Лива не ответила. Все это было непонятно и противно. Ее бросило в жар. В кухне она встретила Аманду, которая направлялась наверх с кофе и хлебом на подносе.

— Подожди немного, — сказала Аманда и открыла дверь в гостиную. — Посиди здесь, я сейчас приду.

Лива остановилась в дверях. Большая светлая комната была роскошно обставлена: мебель полированного красного дерева, глубокие кресла, обитые блестящим золотистым штофом. В одном углу фисгармония с двумя рядами клавиш. На стенах — множество картин в толстых золотых рамах. Корешки в большом книжном шкафу сверкали золотом, а над шкафом красовались тонкой работы золотые часы под стеклянным колпаком. Над дверью в боковую комнату висело вышитое изречение: «Бог да благословит наш дом». Комната была поистине роскошна, но ею редко пользовались; воздух в ней был затхлый, как на складе. На фисгармонии стояли фотографии, на одной были сняты Опперман с женой, как жених и невеста. Невеста была очаровательна в белом шелковом платье, с миртовым венком на пышных волосах. Жених во фраке держал в руках белые перчатки. Он улыбался знакомой улыбкой, и вообще Опперман мало изменился за восемь лет брака. Невеста была немного выше жениха.

Аманда вернулась.

— Почему ты стоишь здесь? — спросила она. — Пожалуйста, войди в комнату.

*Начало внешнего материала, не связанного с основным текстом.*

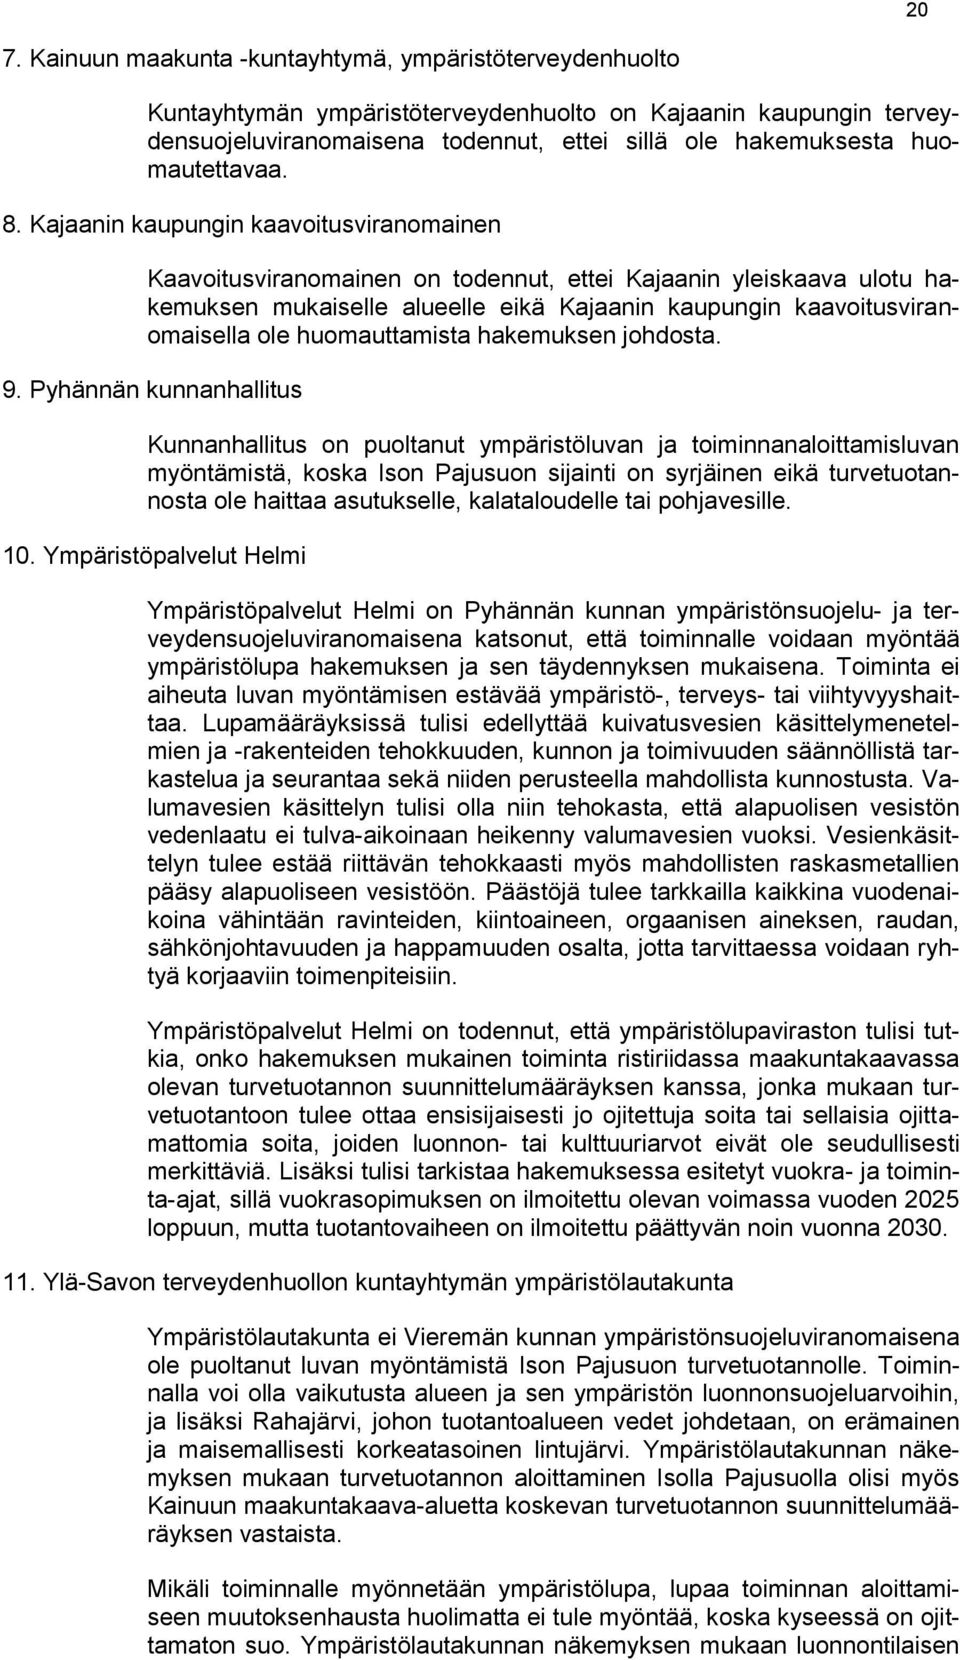 Kajaanin kaupungin kaavoitusviranomainen Kaavoitusviranomainen on todennut, ettei Kajaanin yleiskaava ulotu hakemuksen mukaiselle alueelle eikä Kajaanin kaupungin kaavoitusviranomaisella ole

Лива с мольбой посмотрела на старую женщину и тронула ее за руку.

— Аманда, — сказала она, — я не знала, что фру Опперман не совсем в своем уме. Я хочу сказать, что она немного заговаривается. Правда, Аманда? Она не в своем уме? Да?

Аманда вытаращила глаза, а рот у нее сделался совсем крошечным и круглым:

— Не в своем уме? Нет, она больна, но разум у нее в порядке. Фру Опперман, наоборот, очень, очень умна.

В глазах у Ливы потемнело. Она взяла себя в руки и сказала строгим голосом:

— А что за чепуху она говорит обо мне и Оппермане? А ты сама? Ты сказала, что видела нас вместе, но бог на небе знает, что это неправда! Понимаешь, Аманда? Это ложь, говорю я!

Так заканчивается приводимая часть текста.